Under the scenario depicting rapid economic growth in carbon-intensive industries (‘fossil-fueled development’ greenhouse gas trajectory), the number of adversely impacted breeding areas rises dramatically to 65%, according to the study. Researchers say, “If breeding grounds exceed 28°C, whales may cease using these areas which could not only compromise whales’ breeding rates, but also inflict economic hardship on countries that rely on whale-based tourism.”  

“This project was a computer simulation of what the ocean will look like over the next 100 years. It was conducted by feeding existing climatic and emissions data to a computer model to project future changes and impacts on humpback migration,” said Stack. “This was not a field study, meaning we did not measure actual changes to the ocean or whale populations.” 

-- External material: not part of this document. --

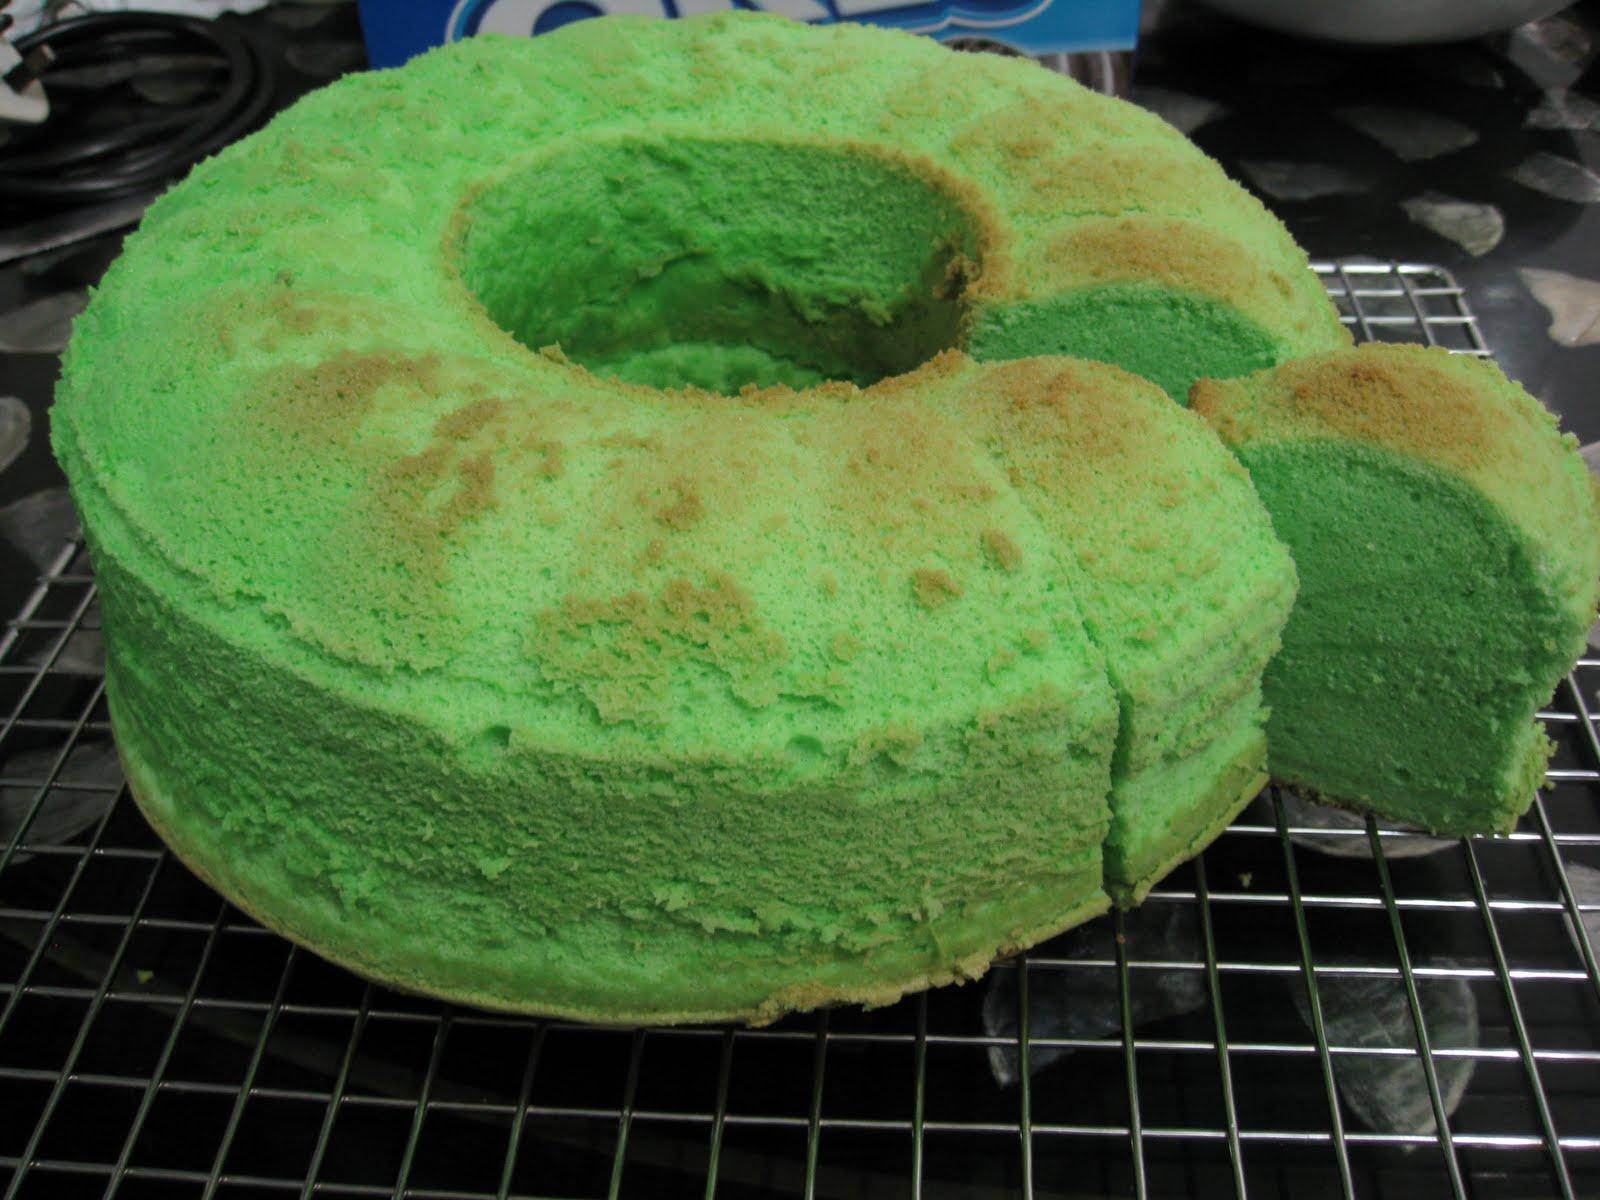 Confessions of a Baking Addict: Pandan chiffon cake

According to PWF researchers Currie and Stack, this case study supports the need for global governments to focus on protecting critical ocean habitats through collectively reducing global greenhouse gas emissions, minimizing additional temperature increases and providing high-resolution climate data to preserve the ecological integrity of humpback whale breeding areas worldwide. 

“This is just the beginning,” Stack concluded. “PWF’s Research program will continue to study major threats to cetaceans, including climate change, to better understand how they impact the migration of large whales as well as what management measures offer the greatest protection against these threats.”